With the pictures set aside, write out all of the data exactly as it stands.

GIVEN DATA →
== Segment start ==

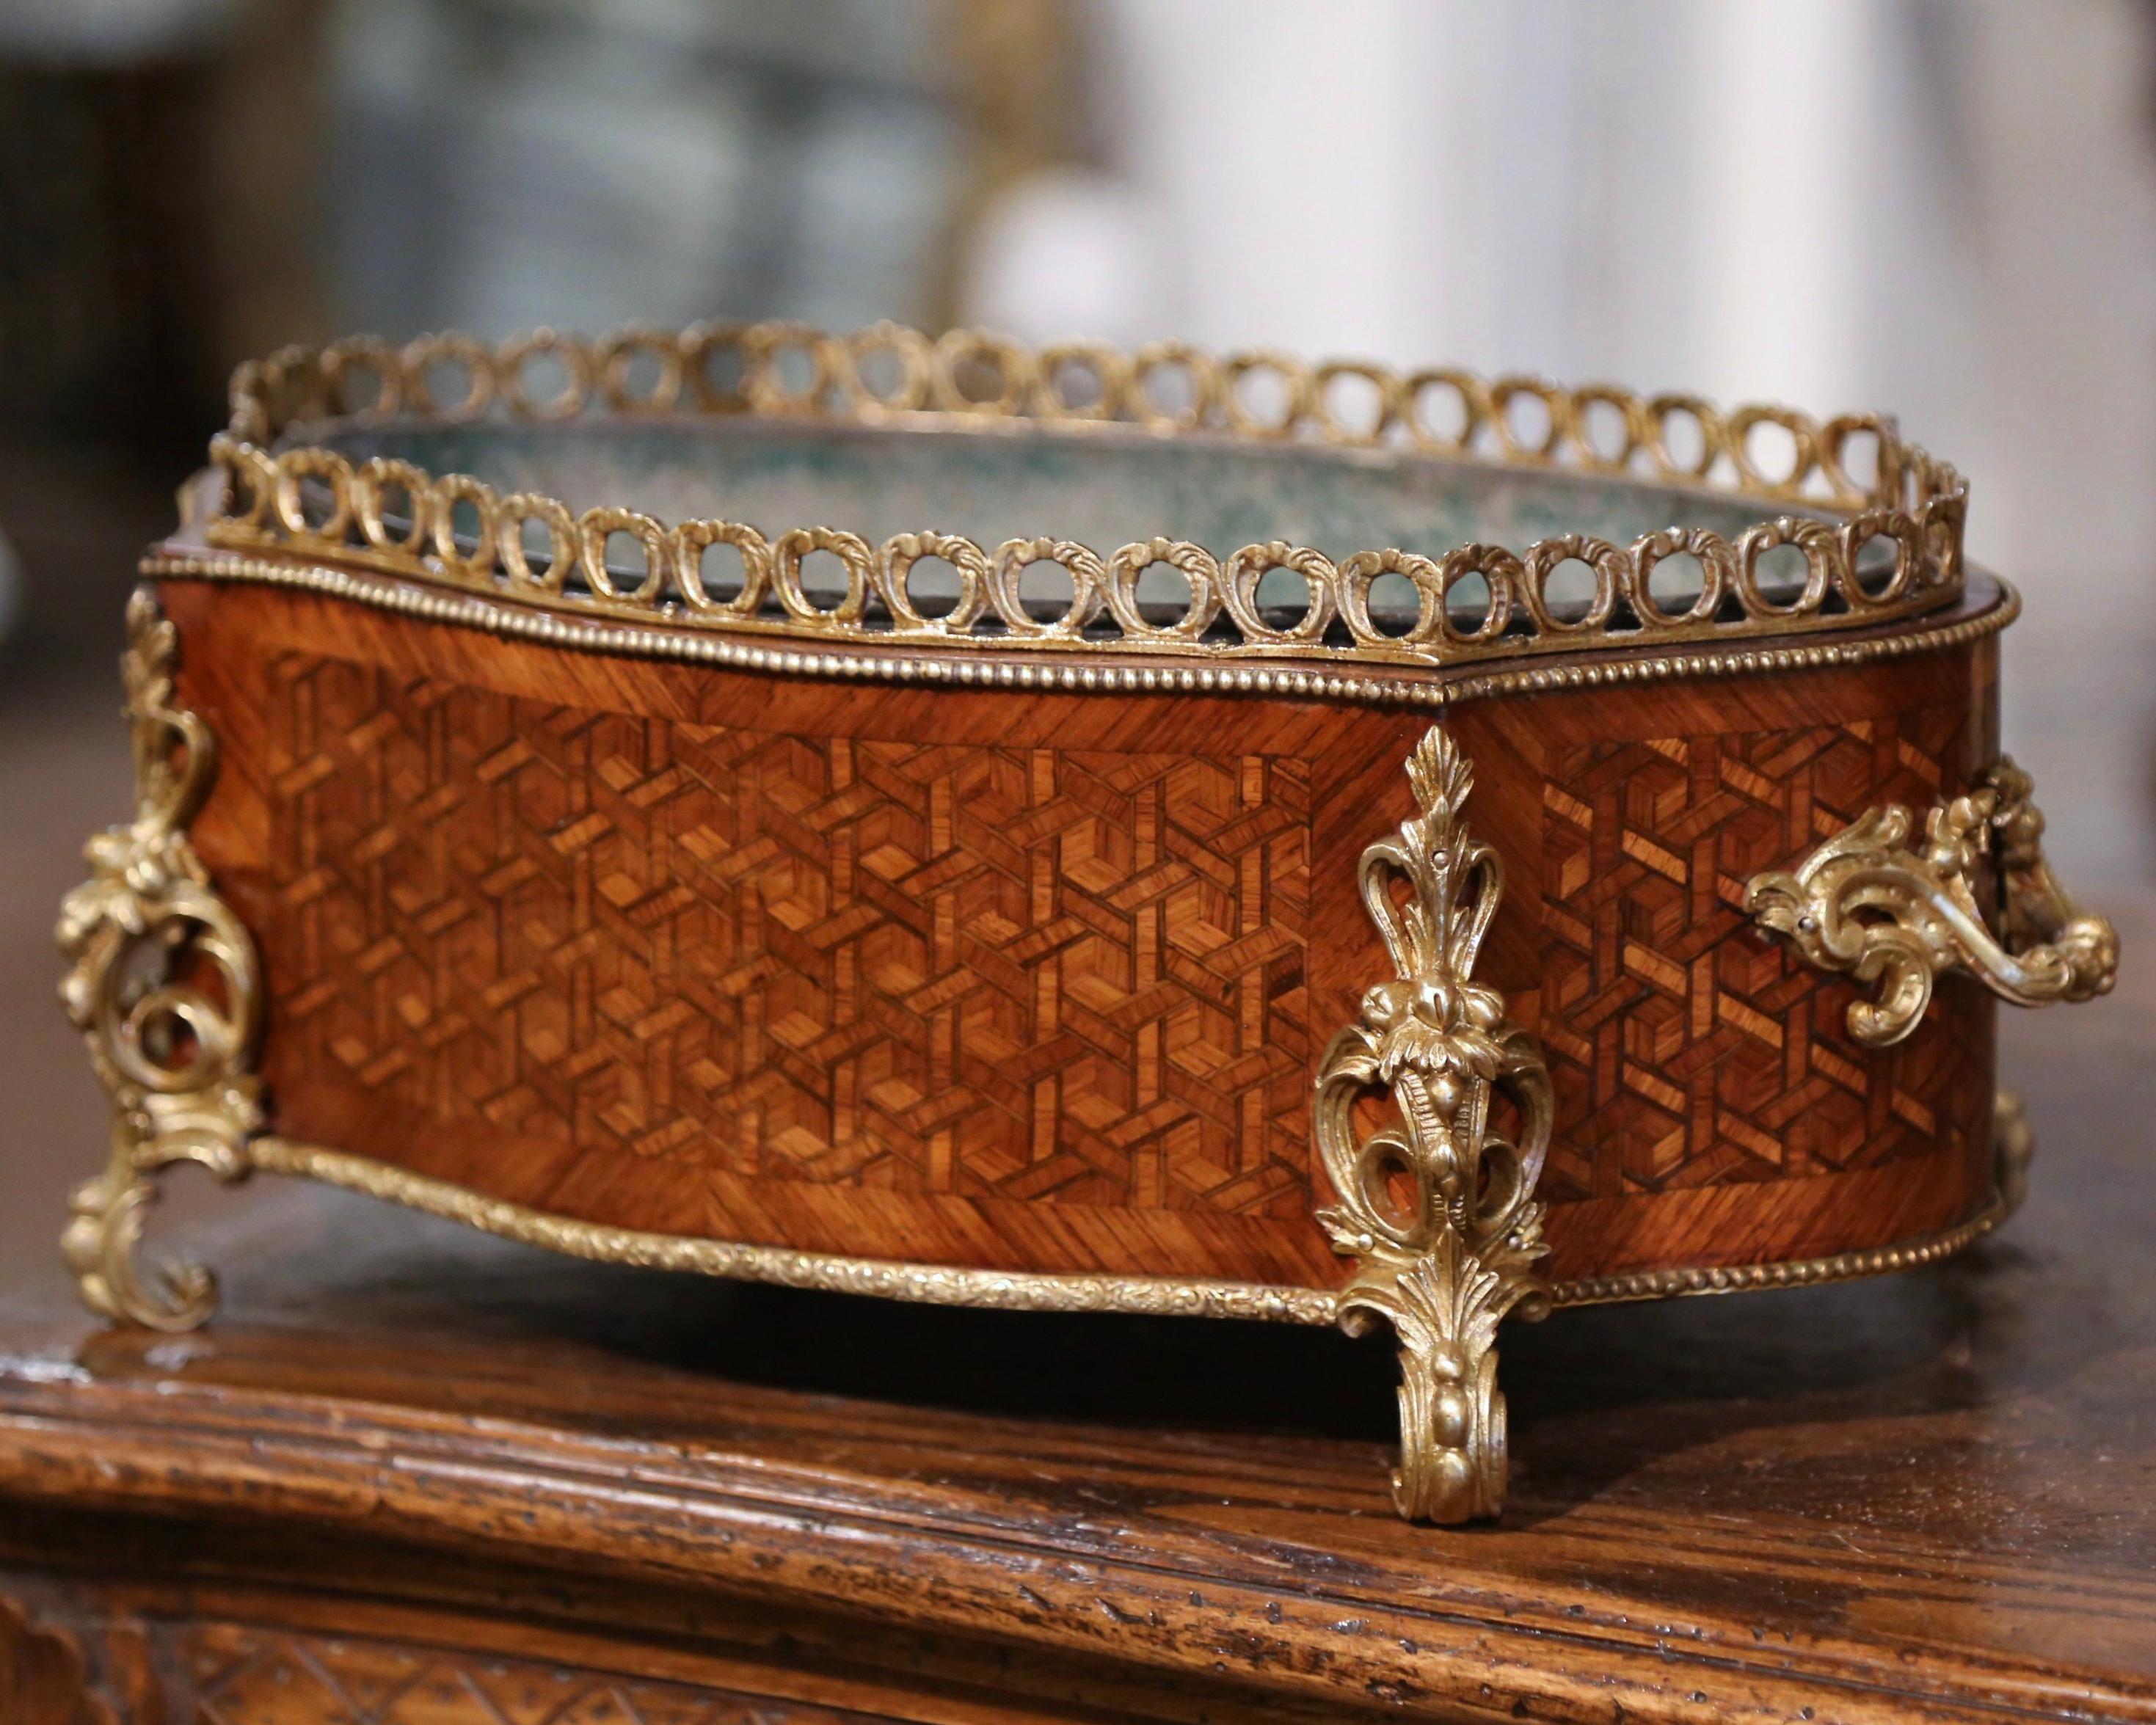 This elegant oval planter was crafted in Paris, France circa 1870. The antique walnut jardinière features a serpentine front and bombe sides dressed with intricate bronze handles; the planter is decorated with marquetry motifs on all sides. The top
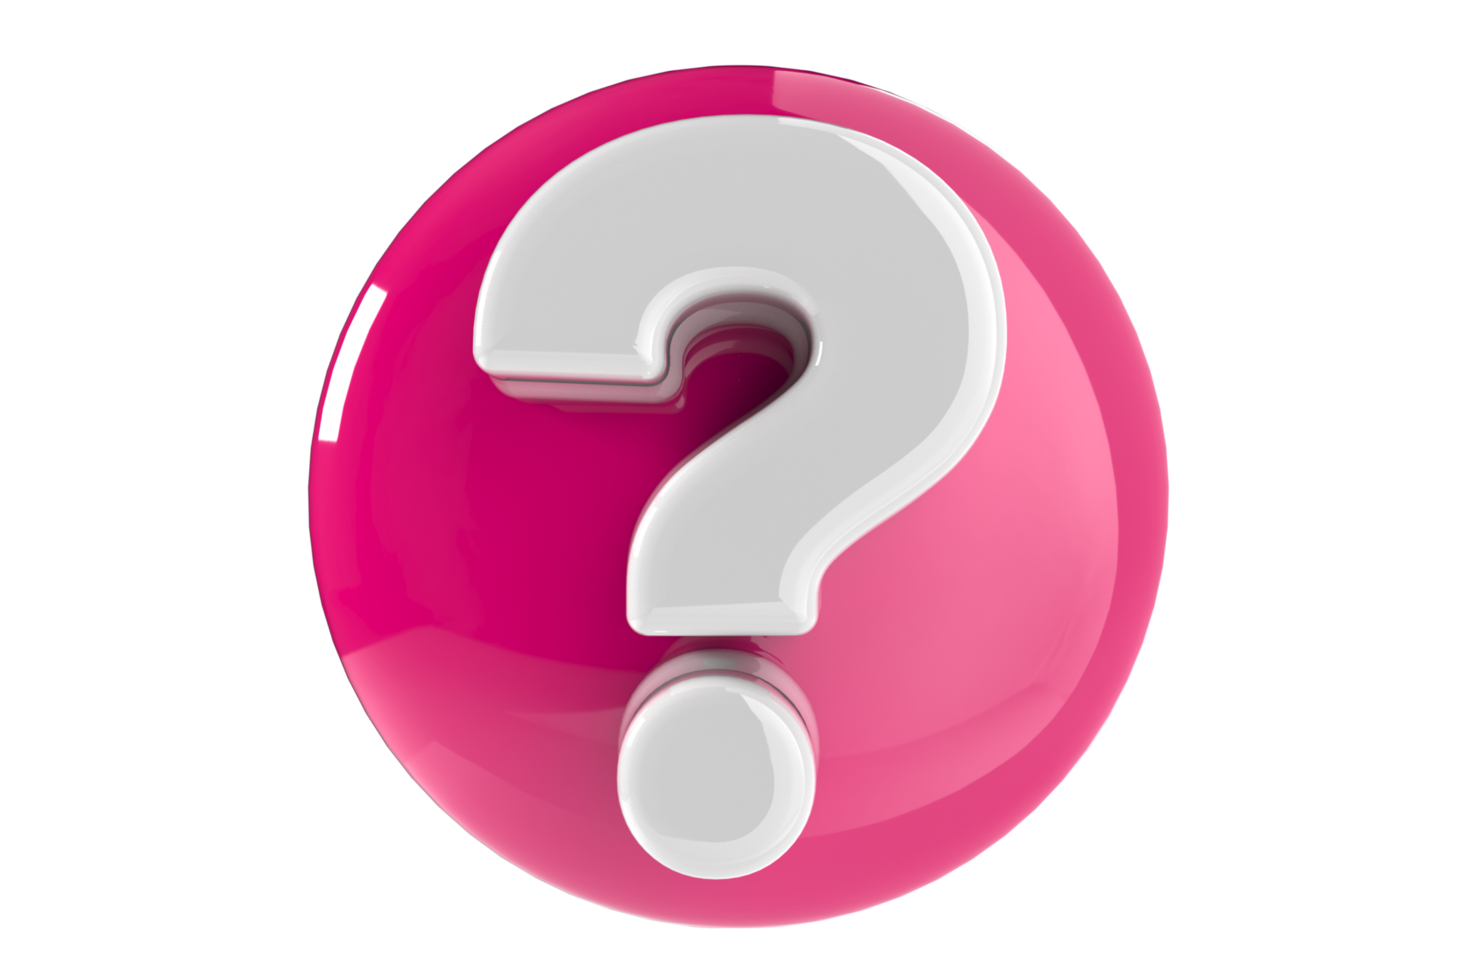 Volumetric 3d question mark on png Transprent background
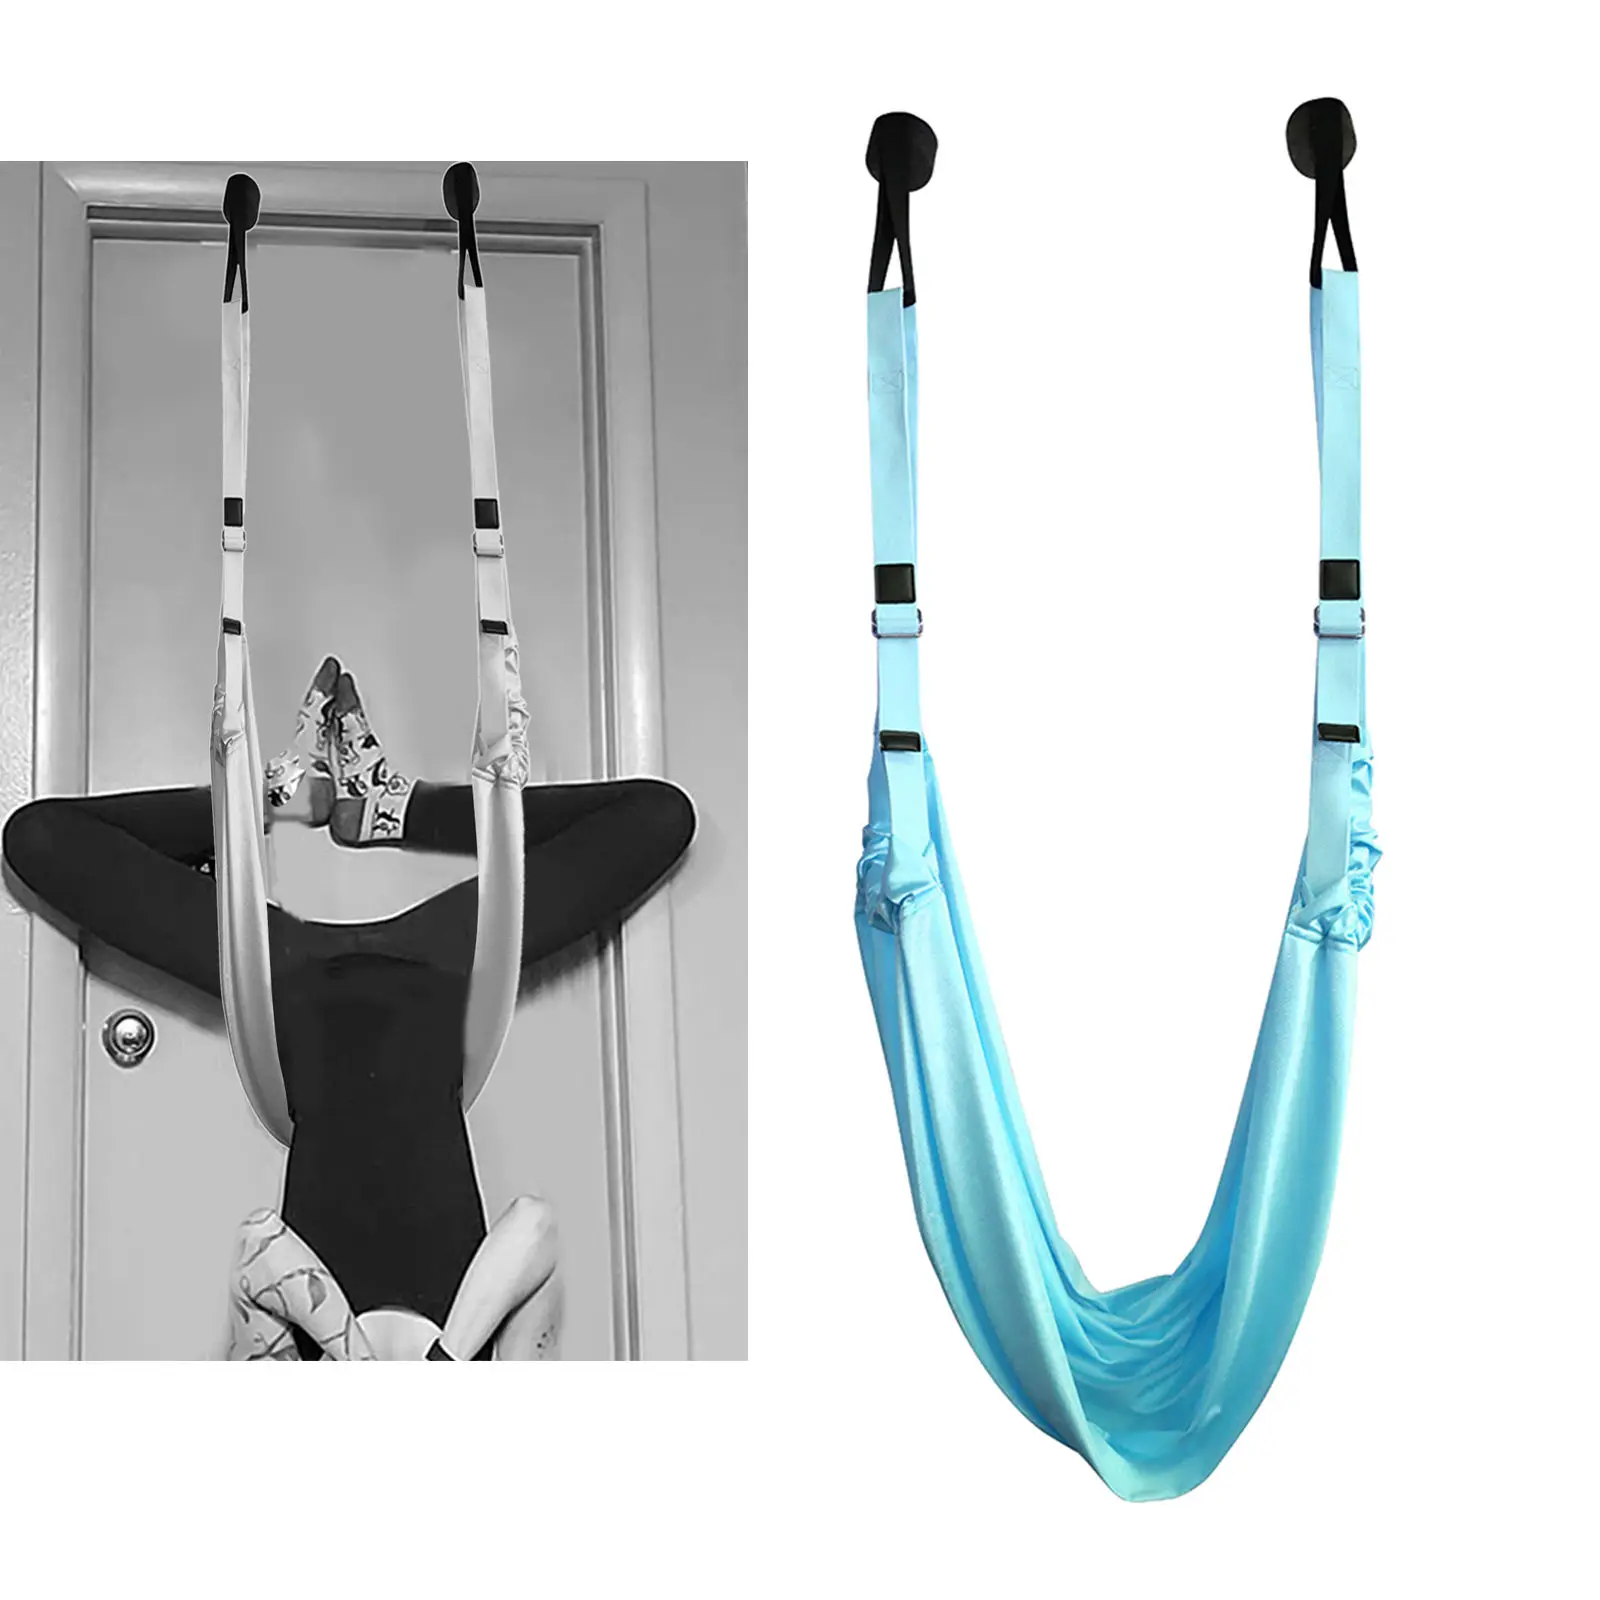 Aerial Yoga Swing Set, Strong Extension,Antigravity Ceiling ing Yoga Sling Inversion Exercises

== Segment end ==

TASK SOLUTION →
 This elegant oval planter was crafted in Paris, France circa 1870. The antique walnut jardinière features a serpentine front and bombe sides dressed with intricate bronze handles; the planter is decorated with marquetry motifs on all sides. The top
 Volumetric 3d question mark on png Transprent background
 Aerial Yoga Swing Set, Strong Extension,Antigravity Ceiling ing Yoga Sling Inversion Exercises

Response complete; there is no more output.